Повисла тишина, пока Твердислав допивал напиток, расслабляющий тело и приносящий вместе с расслаблением легкость и ясность.
– Вот что, княже. Нарушила тишину Полонея. – Дело, что нам с тобой предстоит, весьма опасное. По утру почнем мы с тобой, коли нынче ты не передумаешь. Знать ты должен, что оберну я тебя зверем лютым, а затем вновь в человека. Он внимательно смотрел на нее, не показывая никаких чувств. – Иначе, те чары, что были заложены в меч, не снять. Она не стала ему ничего говорить о подарке его Гени. Ни к чему было нынче лишний раз тревожить и уж тем паче злить перед обрядом и без того растревоженного и растерянного мужчину. Кто его знает, что за чувства питает тот к своей полюбовнице, коли так доверяет, что принимает от той даже обереги.

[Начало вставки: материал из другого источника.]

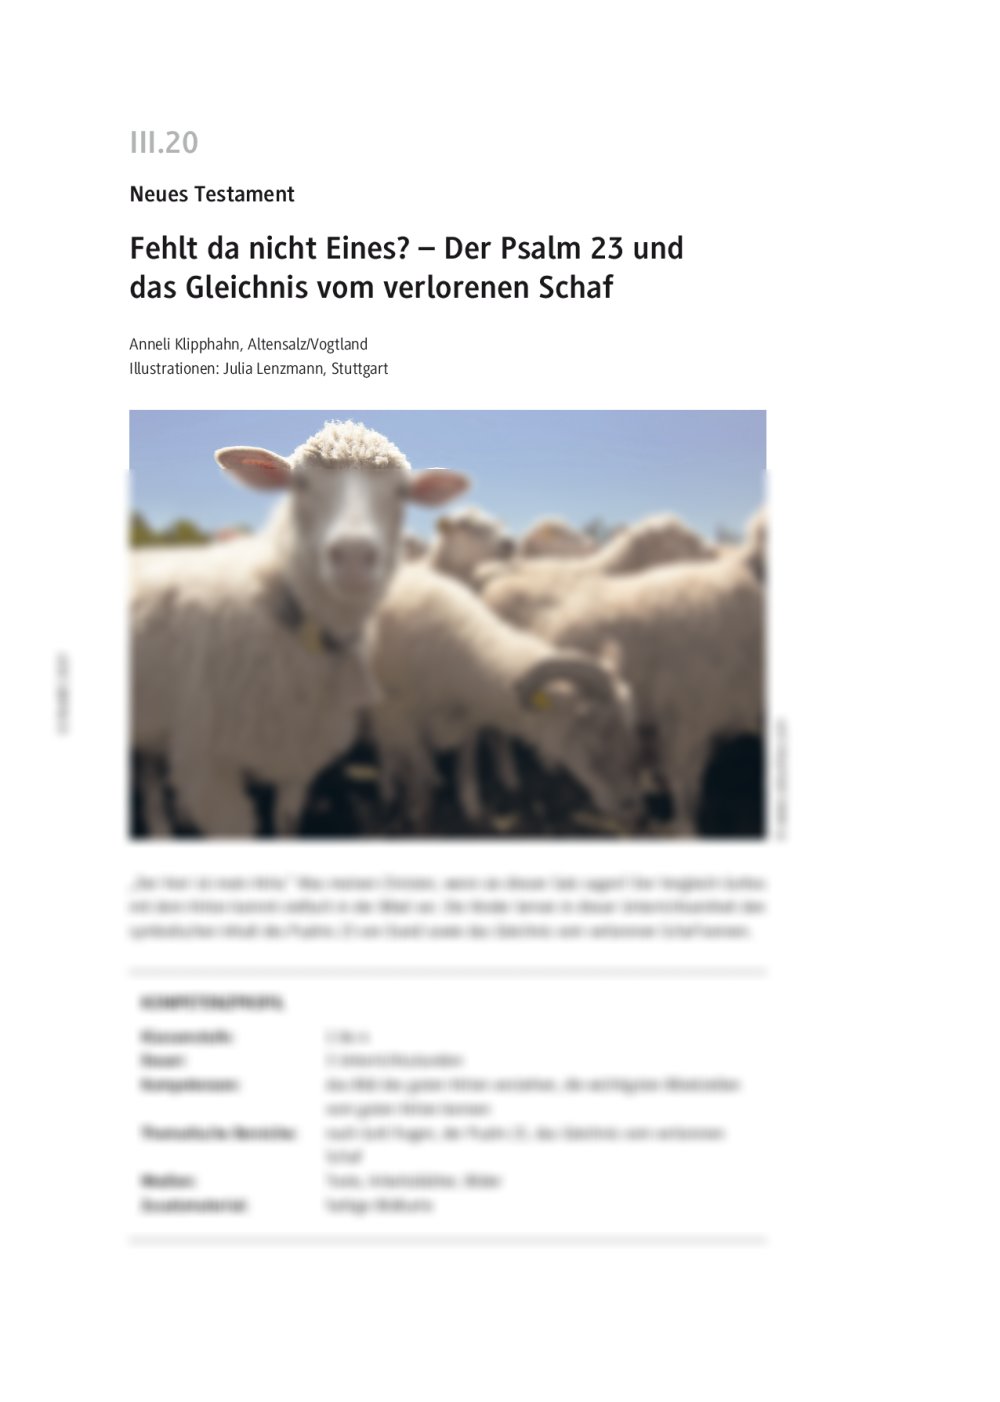 Der Psalm 23 und das Gleichnis vom verlorenen Schaf - Seite 1

– Ведаю я князь, что может так статься, что обратно не случиться тебя вернуть и перекинуть в человека. И тогда…. Она помолчала.– И тогда, княже, уж не обессудь, а придется мне убить тебя. Такое по миру пустить не имею права.
– Делай, все что можешь. - спокойно сказал мужчина. – Выбор то не велик. А так... Да меня собственная сулож придушит.

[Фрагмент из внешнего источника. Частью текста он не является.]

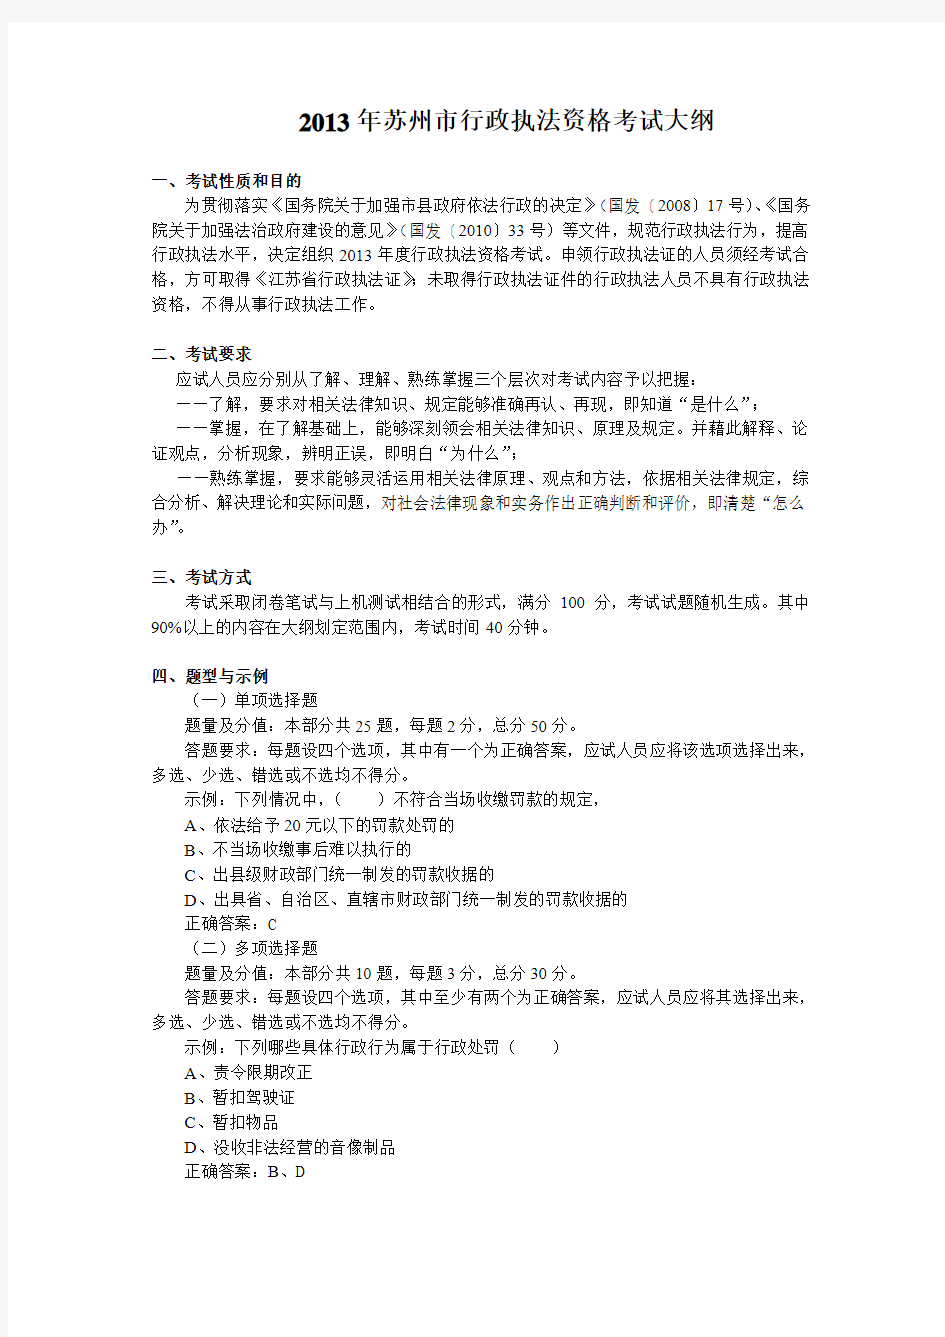 苏州市行政执法人员培训考试大纲(2013版)

– Ну вот и ладушки. Вот и ладушки. Задумчиво произнесла ворожея. Она налила в чашу воды и дала ему выпить. – Больше ничего не есть и не пить. Утром тоже, чтоб ни капли и ни маковой росинки, во рту не было.
– С чего почнешь то?
– А с того, что еще дважды спрошу тебя, Твердислав. Согласен ли ты на ворожбу мою?
– Да на все я согласен, Полонея. С долей обреченности произнес князь. – Нет мне выбора другого. Он говорил спокойно. Но обреченность в его голосе выдавала тщательно скрываемый страх.
– Утро вечера мудренее, доблестный муж. Утро вечера мудренее. От того и спрашивать я буду еще дважды.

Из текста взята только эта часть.